In Britain, and to a lesser degree in Canada, technical training has been viewed as corrupting the “aristocracy of intellect,” or those being trained for political and social leadership. The British have largely kept vocational higher education outside the universities, with separate nonuniversity-affiliated colleges or schools for those subjects. Canadians, though less successful in resisting the introduction of these subjects than the British, still differ from Americans in being more eager to maintain the humanist emphasis in the curricula, a point of view that seems to accompany ascriptive and elitist values in other societies as well (Woodside 1958, p. 20). It has been noted that in Australia “a utilitarian approach to education is wide-spread. Schooling is seen as vocational training and social adjustment rather than as the extension of general education and knowledge” (Barcan 1961, p. 43).

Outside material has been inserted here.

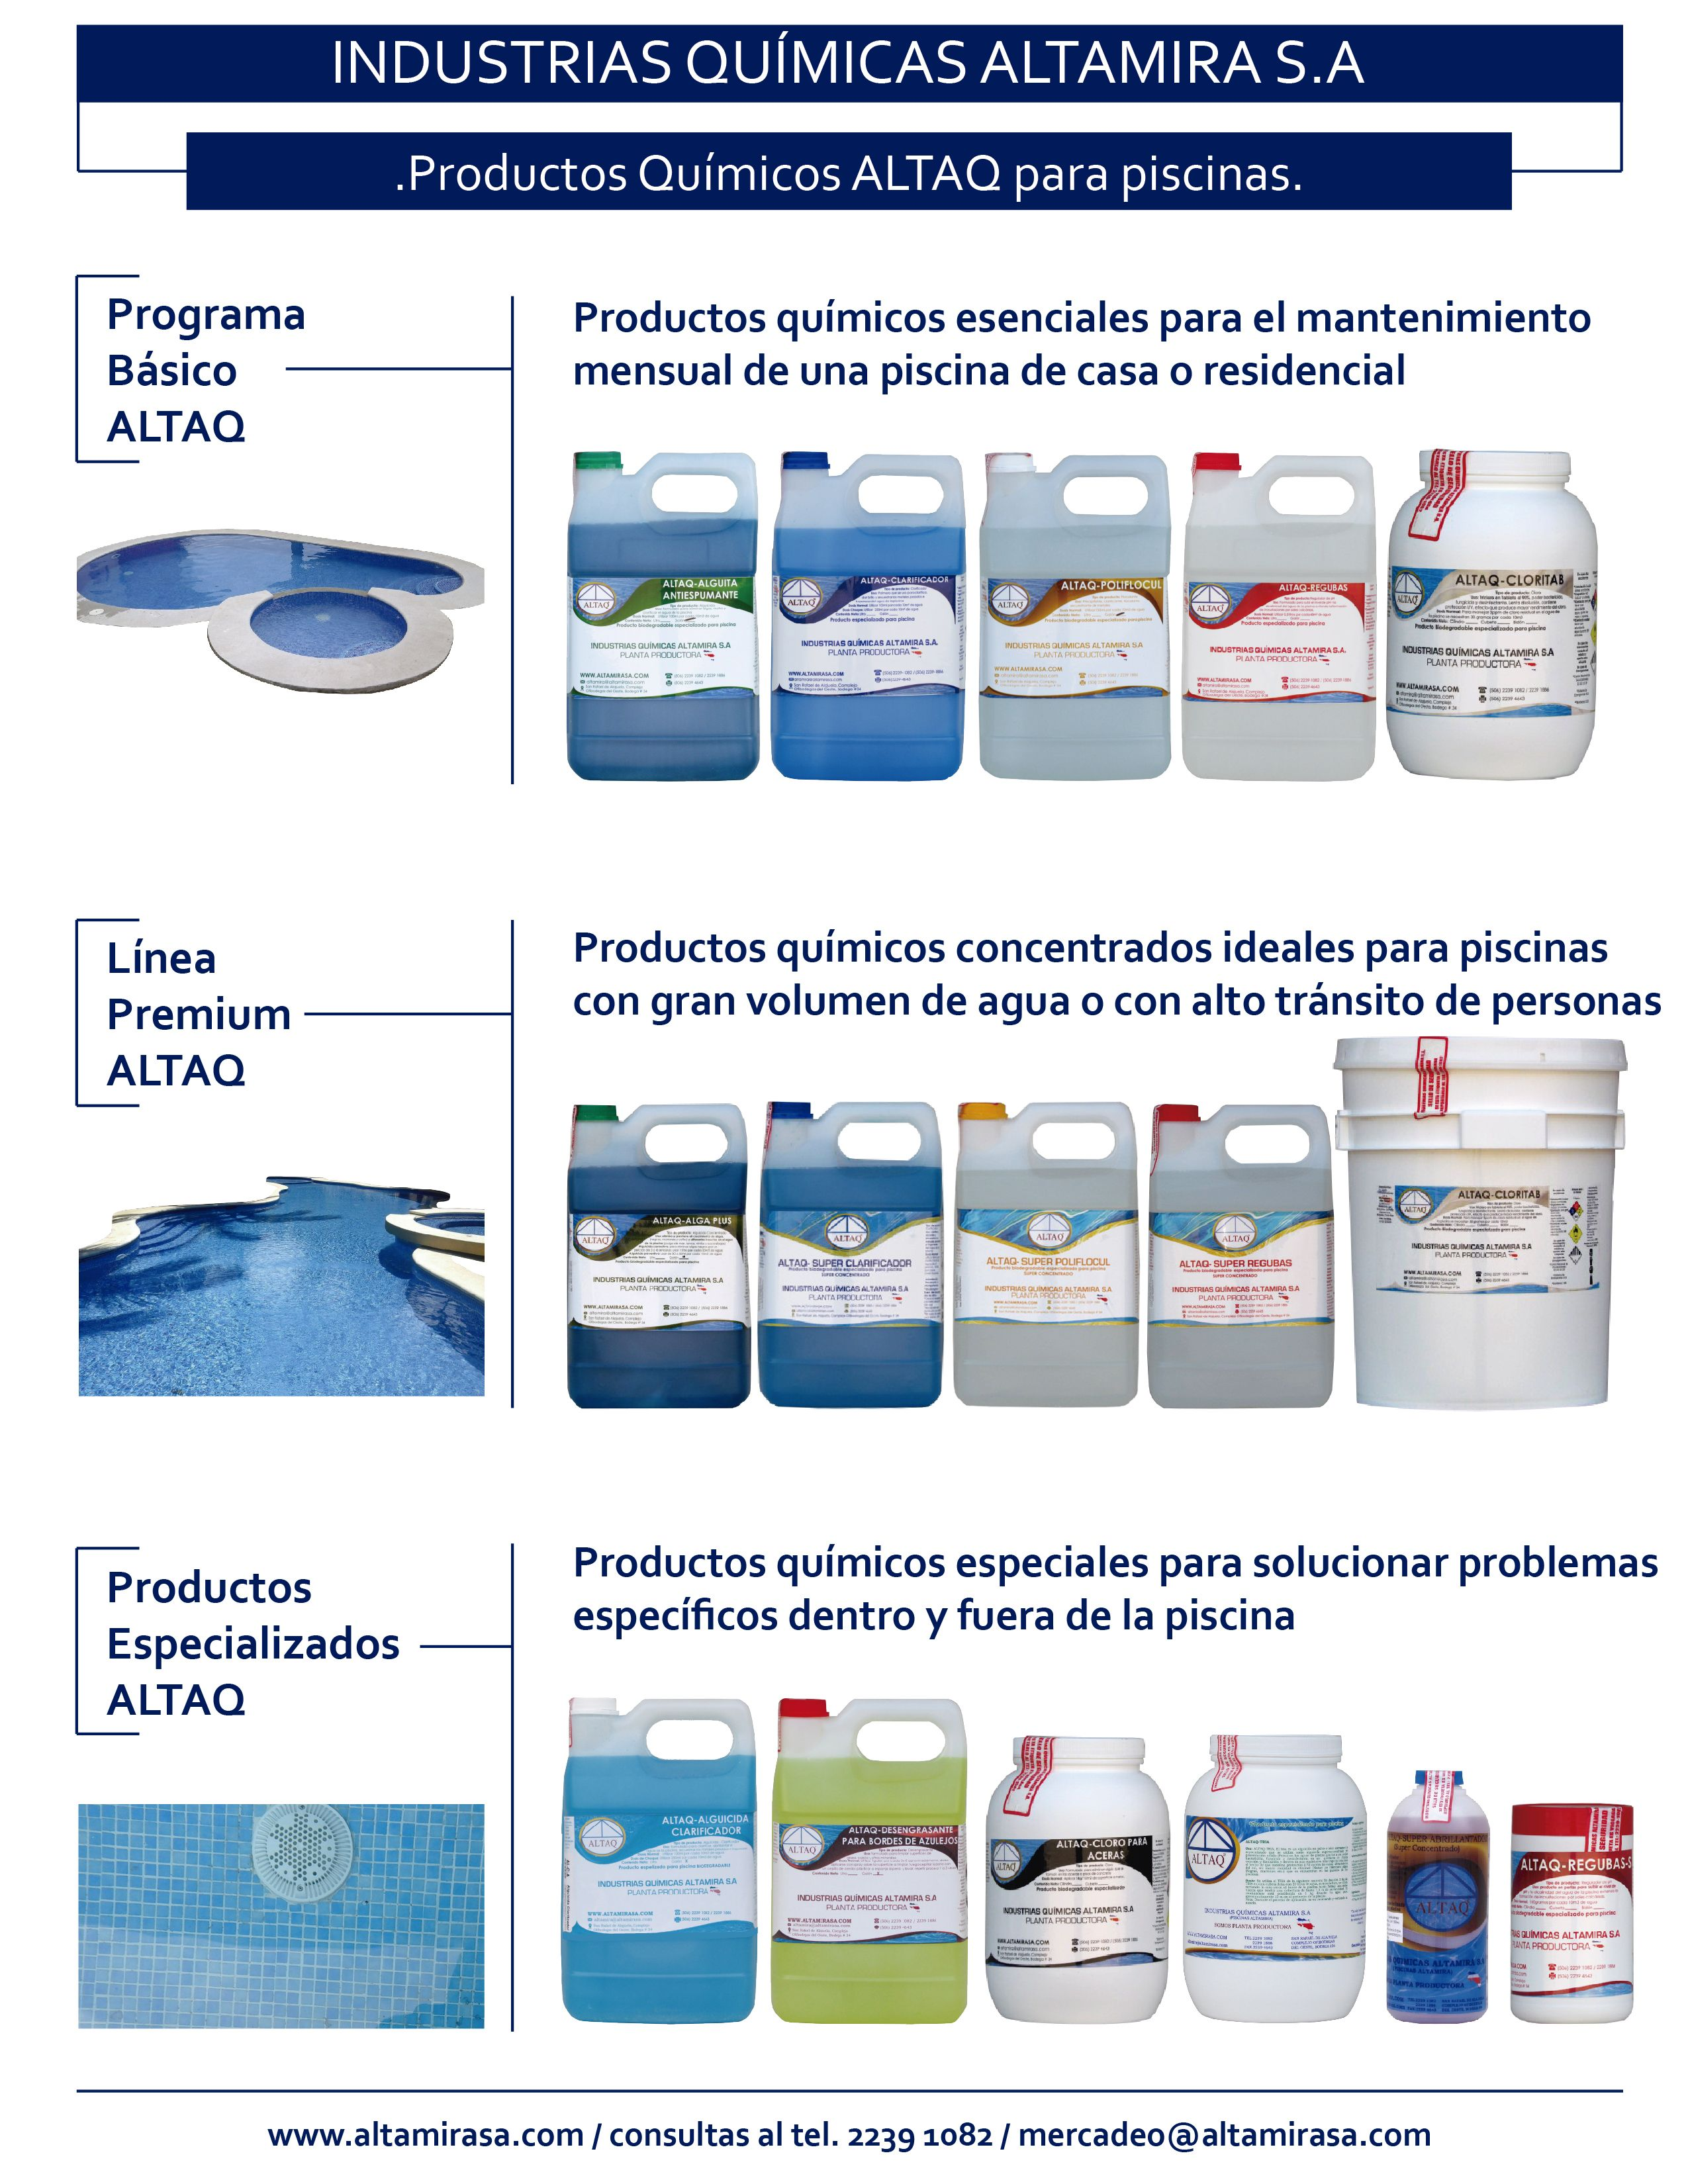 Productos para piscinas capacitaci n altaq productos for Productos para piscinas

The British educational system traditionally has been concerned with giving a separate and special education to those selected for the elite—whether on the basis of inheritance or demonstrated ability—by removing them from contact with the prospective nonelite in either public or grammar schools, in which there is great emphasis on inculcating the elite’s aesthetic culture, manners, and sense of paternalism toward the nonelite (Young [1958] 1959, p. 40; Vaizey 1959, pp. 28–29; Middleton 1957, pp. 230–231). The American system, on the other hand, as James Conant once put it, demands as its ideal “a common core of general education which will unite in one cultural pattern the future carpenter, factory worker, bishop, lawyer, doctor, sales-manager, professor and garage mechanic (see Young [1958] 1959, p. 40). Some Canadian writers have pointed out that until very recently education in their country was designed to train an ecclesiastical and political elite, much in the British tradition (Woodside 1958, pp. 21–22; Wrong 1955, p. 20). Canada is caught in the painful dilemma between what might be termed the European orientation and the American orientation (Nash 1961).

Political structure

The same assumptions about the interrelated consequences of national value emphases apply to variations in political and class conflicts. Thus, differences in the backgrounds of the supporters of political parties are much more closely correlated with class lines in Australia and Britain than in the United States and Canada (Alford 1963, pp. 101–107). The two most classpolarized nations, Australia and Britain, are those in which working-class particularism (group consciousness) sustains a sense of political class consciousness. Conversely, the two North American polities have been characterized by a stronger emphasis on universalism and achievement orientation. Where these values are emphasized, the lower-status person is more likely to feel impelled to get ahead by his own efforts and consequently is less prone to accept political doctrines that stress collective responsibility for success or failure (Merton [1949] 1957, pp. 167–169). These varying emphases and pressures may also be reflected by differences in trade-union membership. In Australia, two-thirds of all workers belong to unions (Walker 1956, p. 325), whereas in the United Kingdom somewhat over 40 per cent of the employed population is unionized, and in the United States and Canada about 30 per cent of those in nonagricultural employment belong to unions (International Labor Office 1961, pp. 18–19; Cyriax & Oakeshott [1960] 1961, p. 14; U.S. Bureau of the Census 1964, p. 247; Canada, Bureau of Statistics, 1962, pp. 246–249).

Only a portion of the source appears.